Cleaning & Processing¶
Overview¶
The cleaning process standardizes data from different sources into a unified format compatible with the FASTR Analytics Platform.
Data Filtering Rules¶
The cleaning functions apply several filters to ensure consistent, comparable data.
Sex Disaggregation¶
We keep totals only, not sex-disaggregated values.
- UNICEF data: Filters to
SEX = "_T"(total) orNA - UNWPP data: Filters to
sex = "Both sexes"for population and mortality indicators - DHS data: Uses
IsPreferred = 1which typically returns the combined value
This means if an indicator has separate Male/Female values, we take the combined "Both sexes" or "Total" value.
Preferred Values (DHS)¶
DHS data includes multiple breakdowns (by age, education, wealth, etc.).
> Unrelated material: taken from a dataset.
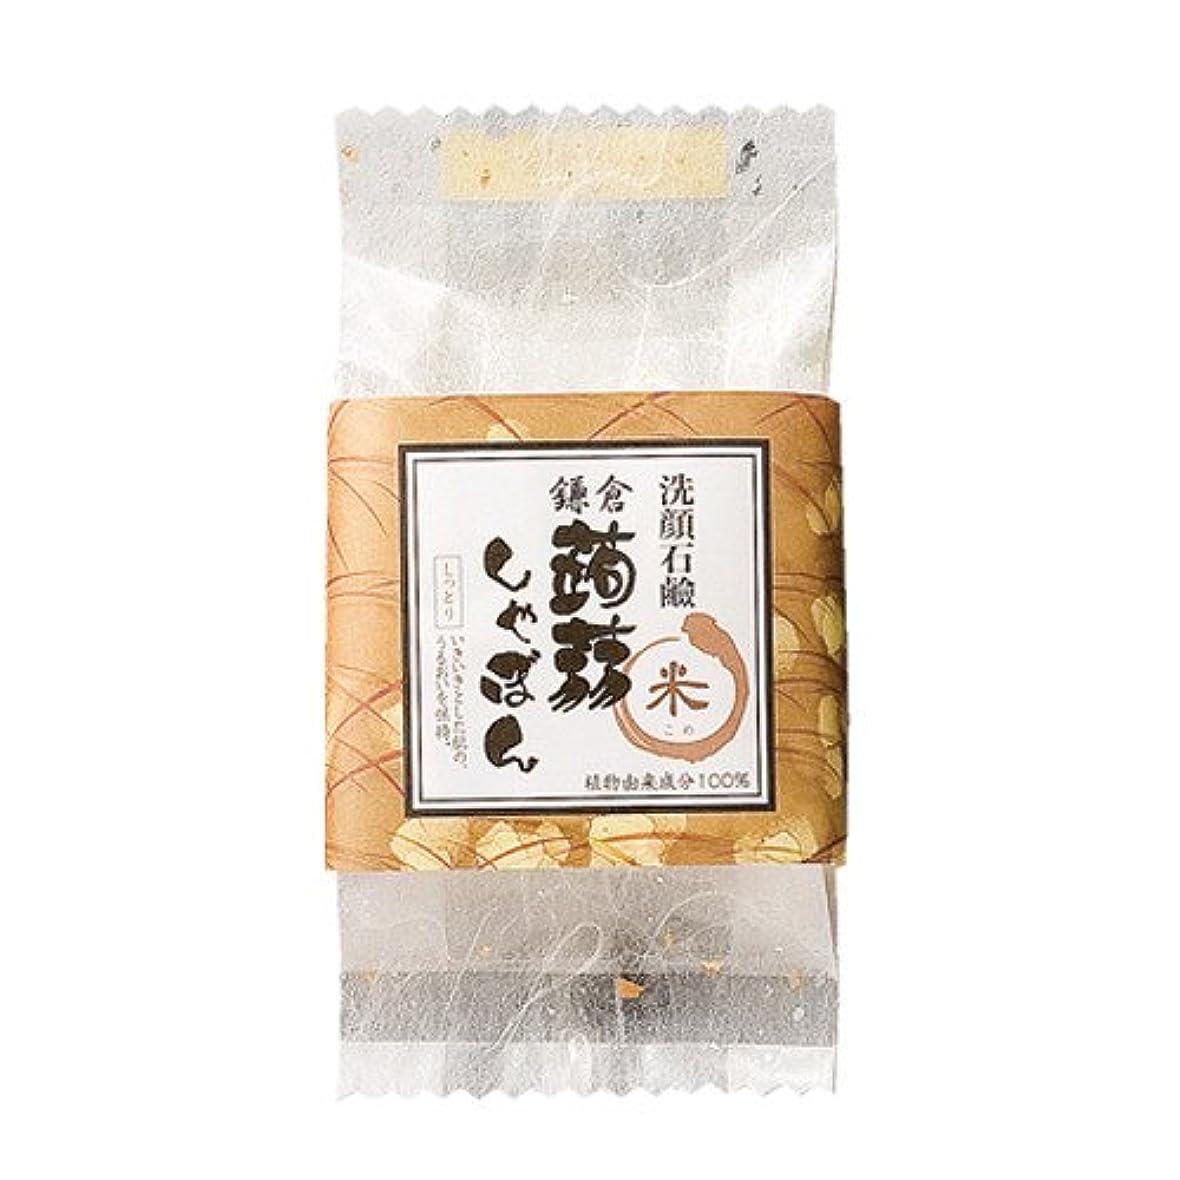 劣るパントリーロビー鎌倉 蒟蒻しゃぼん 米

We filter to IsPreferred = 1 to get the standard reported value rather than disaggregated subgroups.
Variant Selection (UNWPP)¶
UNWPP provides multiple projection variants. We use variant = "Median" for all indicators to get the central estimate.
Age Filters (UNWPP)¶
- Women of reproductive age:
ageLabel = "15-49" - Under-1 population:
ageLabel = "0" - Under-5 population:
ageLabel = "0-4"(or sum of 0,1,2,3,4)
Indicators Outside the Predefined List¶
The app has predefined mappings for common indicators (anc1, penta1, bcg, etc.). But you can fetch any indicator from the data sources.
What Happens to Unmapped Indicators¶
When you select an indicator that isn't in our predefined list:
- The app tries to auto-generate a meaningful
indicator_common_idbased on the indicator label - It looks for patterns like "DTP", "measles", "ANC", "mortality" etc.
- If no pattern matches, it creates an ID from the original indicator code (e.g.,
ch_vacc_c_xyz→ch_vacc_c_xyz)
Example Auto-Generated IDs¶
| Original Label | Auto-Generated ID |
|---|---|
| "DTP3 coverage" | penta3 |
| "Measles 2nd dose" | measles2 |
| "Some new indicator XYZ" | some_new_indicator_xyz |
Adding New Indicator Mappings¶
If you regularly use an indicator that isn't mapped, contact the FASTR team to add it to the predefined mapping list. This ensures consistent naming across all users.
Column Standardization¶
All data is transformed to a consistent column structure:
| Column | Description | Example |
|---|---|---|
admin_area_1 |
Country name | "Nigeria" |
admin_area_2 |
Province/region or "NATIONAL" | "Lagos" or "NATIONAL" |
year |
Integer year | 2023 |
indicator_id |
Original indicator code | "RH_ANCP_W_SKP" |
indicator_common_id |
Standardized ID | "anc1" |
indicator_type |
Type of measure | "percent", "rate", "number" |
survey_value |
Numeric value | 0.85 |
source |
Data source | "DHS", "MICS", "UNWPP" |
source_detail |
Specific source ID | "NG2018DHS" |
survey_type |
Survey category | "household", "modeled" |
country_name |
Full country name | "Nigeria" |
iso2_code |
ISO2 country code | "NG" |
iso3_code |
ISO3 country code | "NGA" |
Percentage Normalization¶
All percentage values are converted to 0-1 decimal scale:
- Input:
85%or85 - Output:
0.85
This ensures consistency across sources that may report percentages differently.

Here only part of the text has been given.